*** INFORMATION SHOWN ***
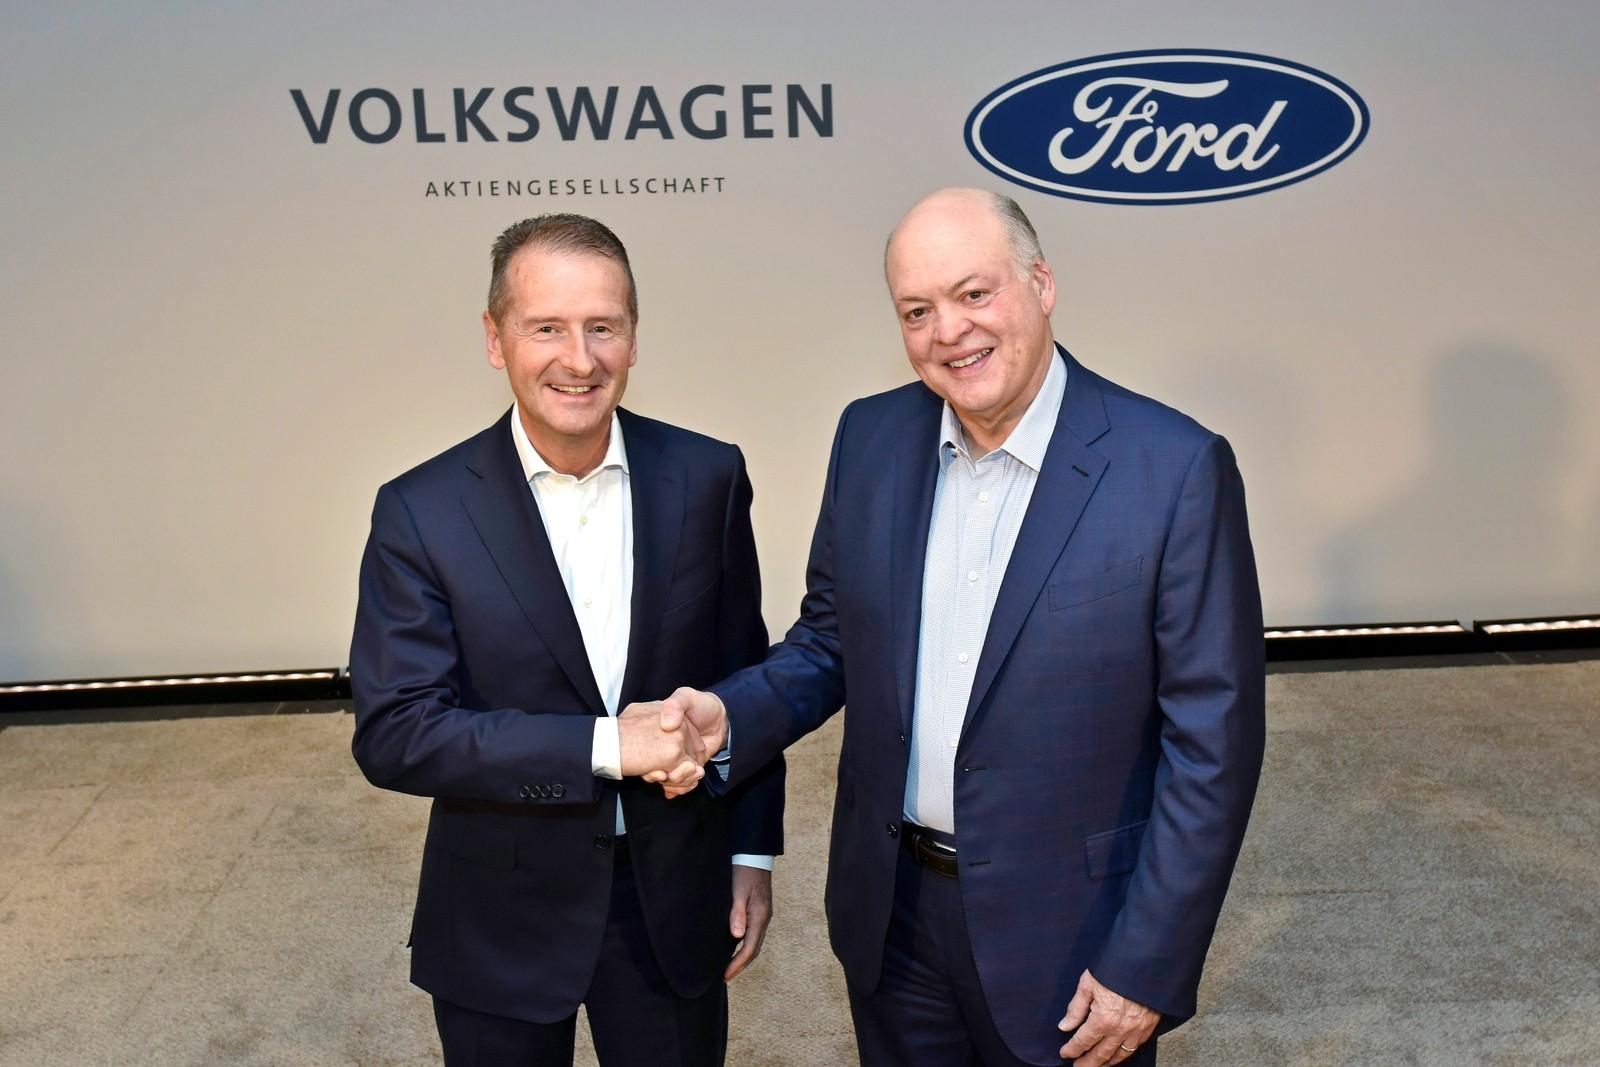 Глава VW Герберт Дисс (слева) и глава Ford Джим Хэкетт (справа) вновь пожали друг другу ручки в знак всё более многообещающего сотрудничества.
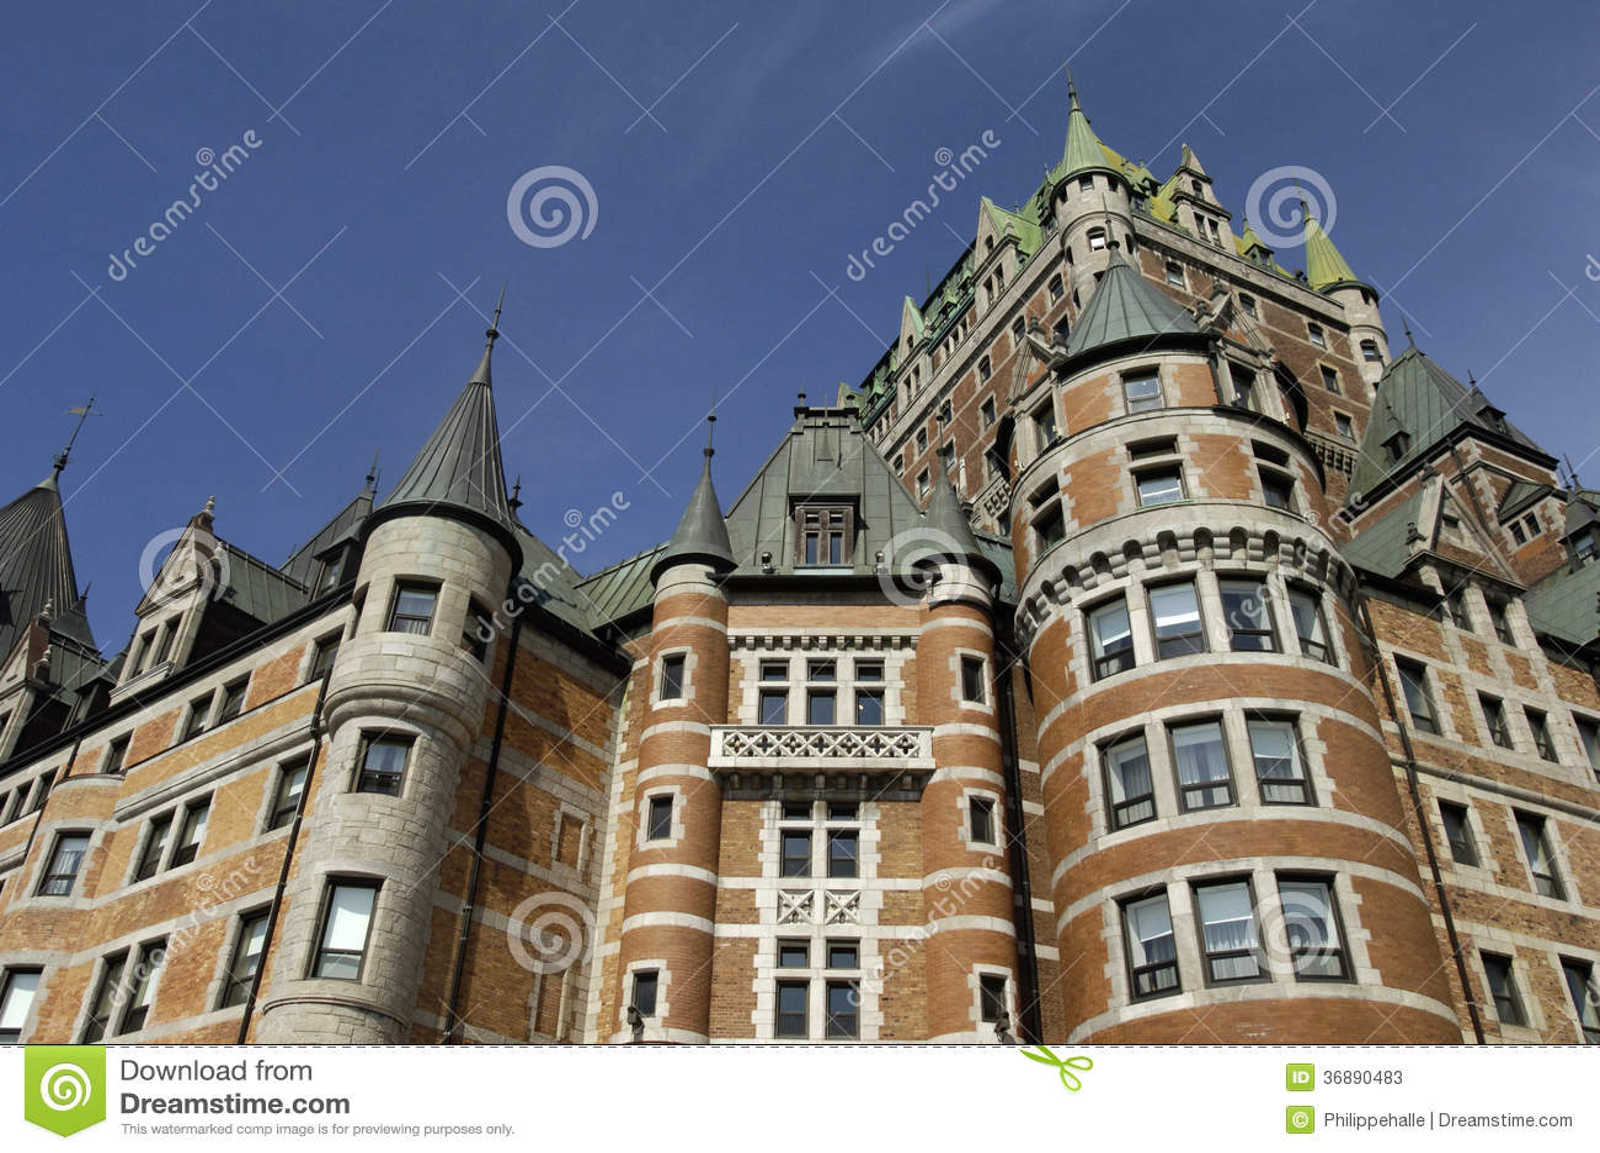 Download Le Chateau Frontenac Nella Città Della Quebec Immagine Stock - Immagine di eredità, facade: 36890483
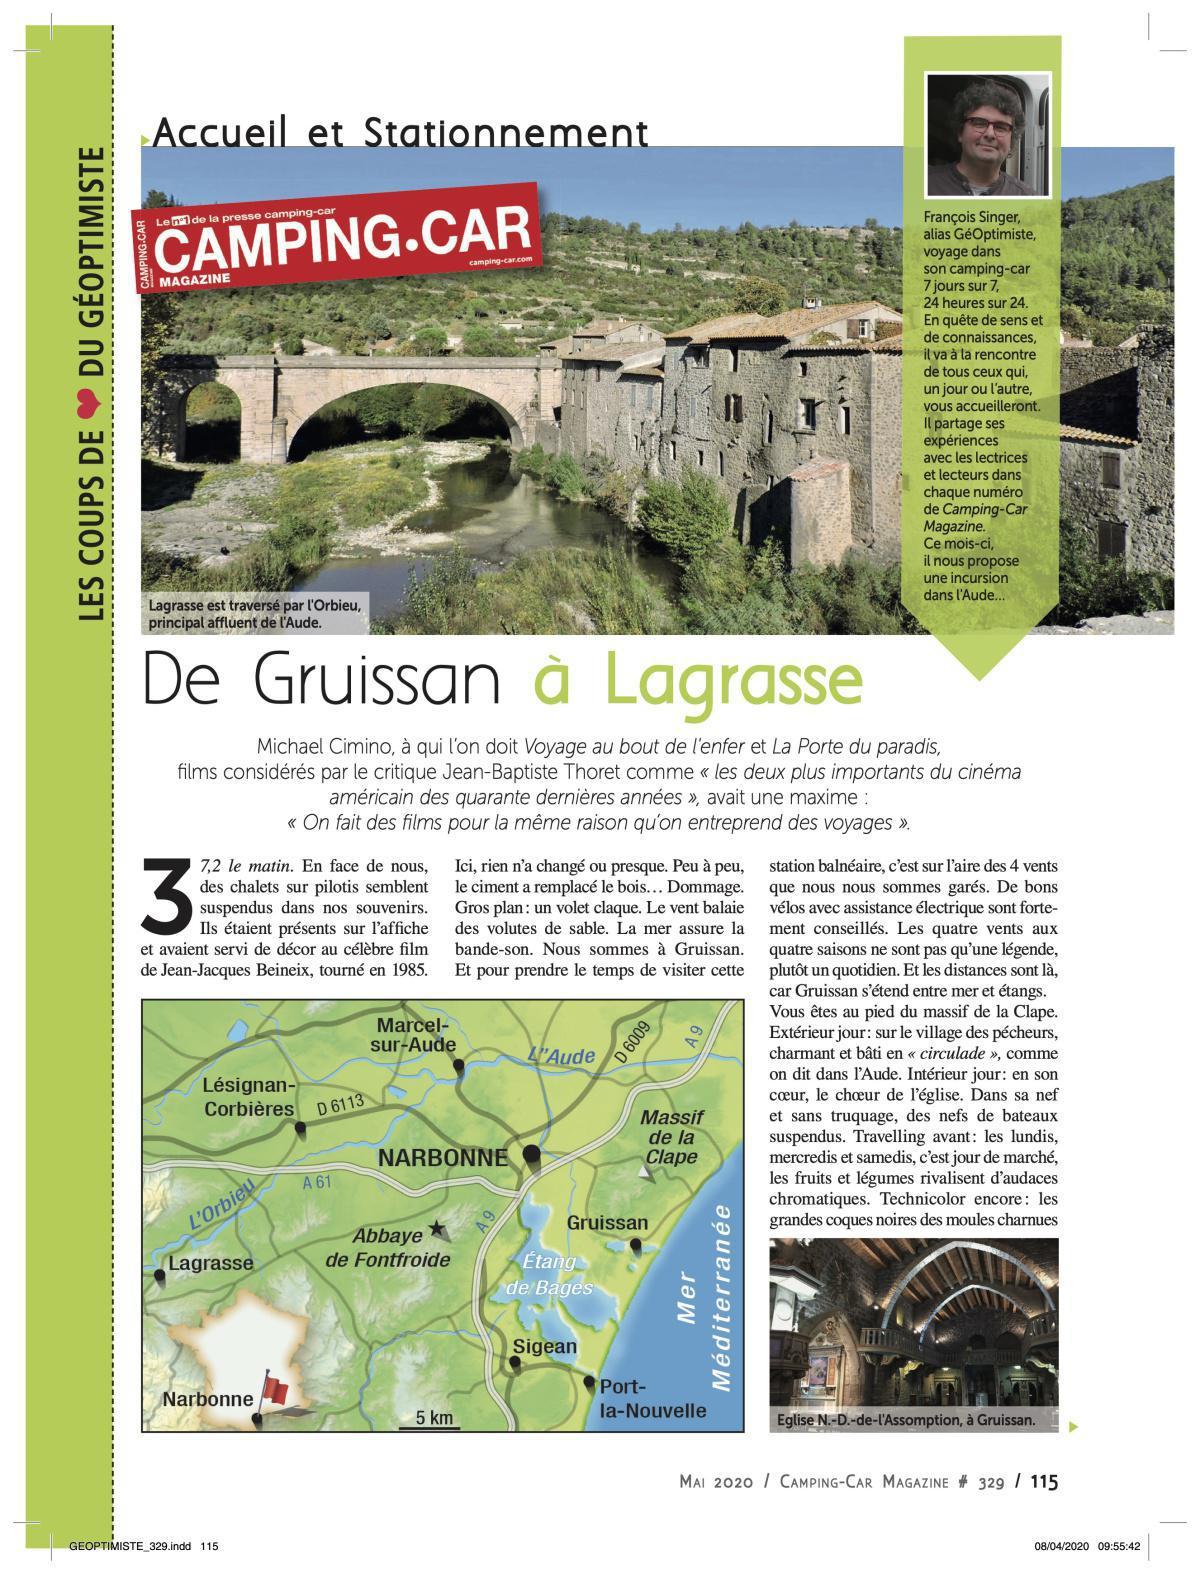 De Gruissan à Lagrasse - CCM 329
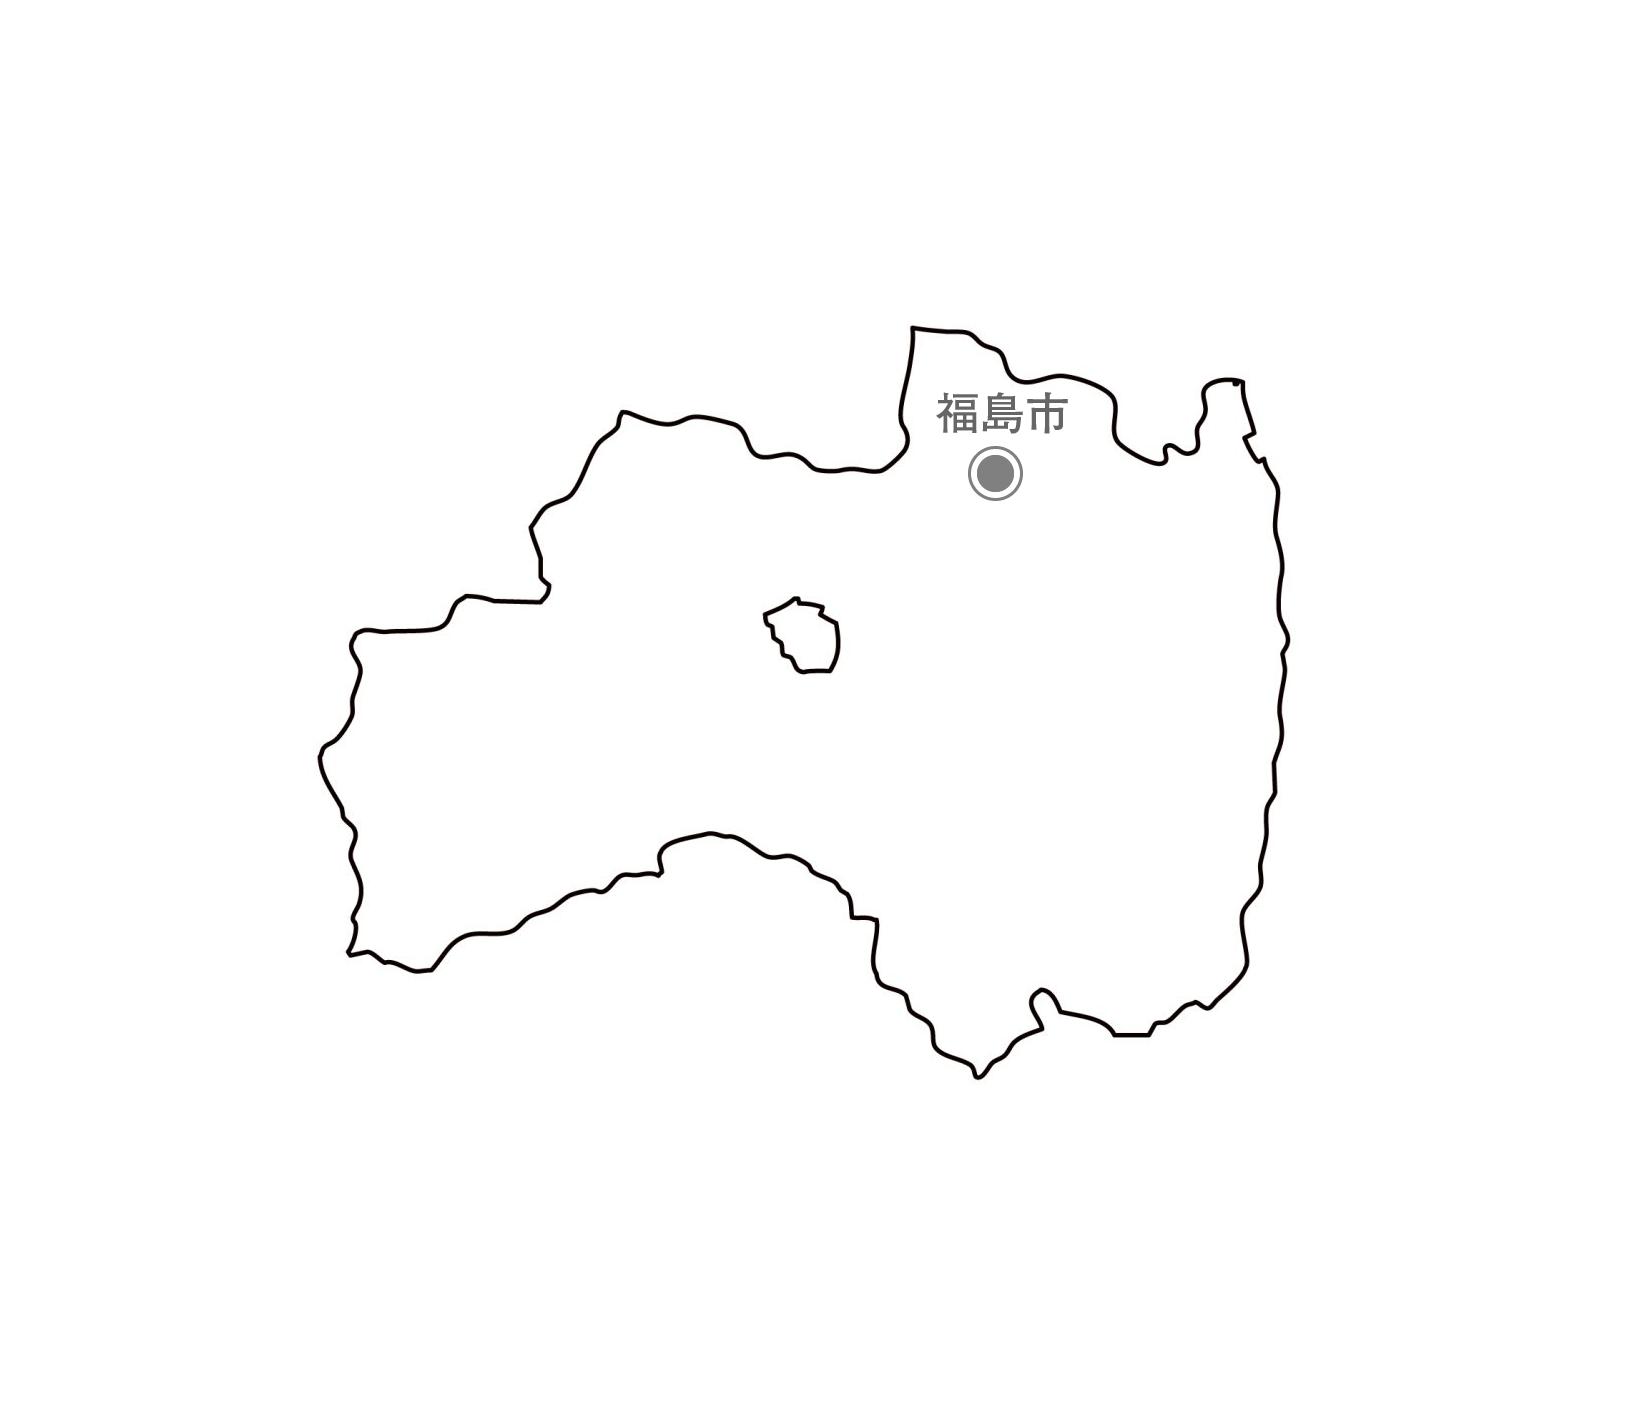 [白地図]福島県・都道府県名・県庁所在地あり
*** End of INFORMATION SHOWN ***
▶ _EXERCISE_
Here the job is to print all the data exactly, skipping any image.

▶ _OUTPUT_
 Глава VW Герберт Дисс (слева) и глава Ford Джим Хэкетт (справа) вновь пожали друг другу ручки в знак всё более многообещающего сотрудничества.
 Download Le Chateau Frontenac Nella Città Della Quebec Immagine Stock - Immagine di eredità, facade: 36890483
 De Gruissan à Lagrasse - CCM 329
 [白地図]福島県・都道府県名・県庁所在地あり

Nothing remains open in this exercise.